AffectAgent: Collaborative Multi-Agent Reasoning for Retrieval-Augmented Multimodal Emotion Recognition
arXiv cs.CV / 4/15/2026
📰 NewsSignals & Early TrendsIdeas & Deep AnalysisModels & Research
Key Points
- AffectAgent is a multi-agent retrieval-augmented multimodal emotion recognition framework designed to reduce hallucinations and better capture nuanced affective states across modalities.
- The system uses three specialized, jointly optimized agents—a query planner, an evidence filter, and an emotion generator—to retrieve cross-modal evidence, assess it, and produce emotion predictions.

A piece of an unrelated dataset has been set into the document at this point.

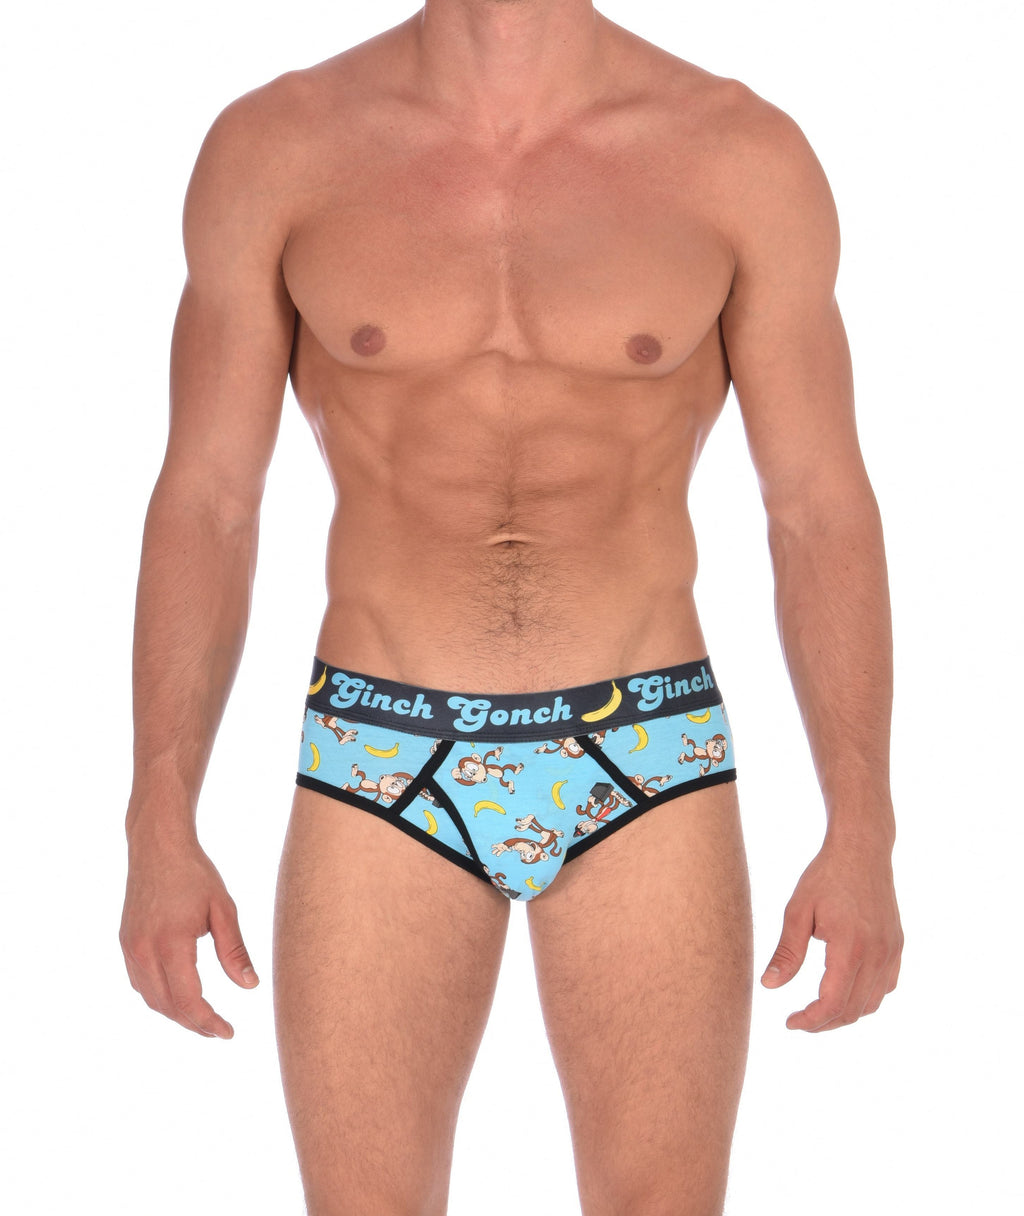 Ginch Gonch Monkey Business Men's Underwear Brief with blue background, monkeys, and bananas. Black trim and printed waistband with Ginch Gonch and bananas. Front

- AffectAgent is end-to-end trained with Multi-Agent Proximal Policy Optimization (MAPPO) using a shared affective reward to align the agents’ collaborative reasoning.
- It introduces Modality-Balancing Mixture of Experts (MB-MoE) to dynamically weight modalities and mitigate cross-modal representation mismatches, and Retrieval-Augmented Adaptive Fusion (RAAF) to improve predictions when a modality is missing.
- Experiments on MER-UniBench report that AffectAgent achieves stronger performance than prior approaches, and the authors plan to release the code publicly.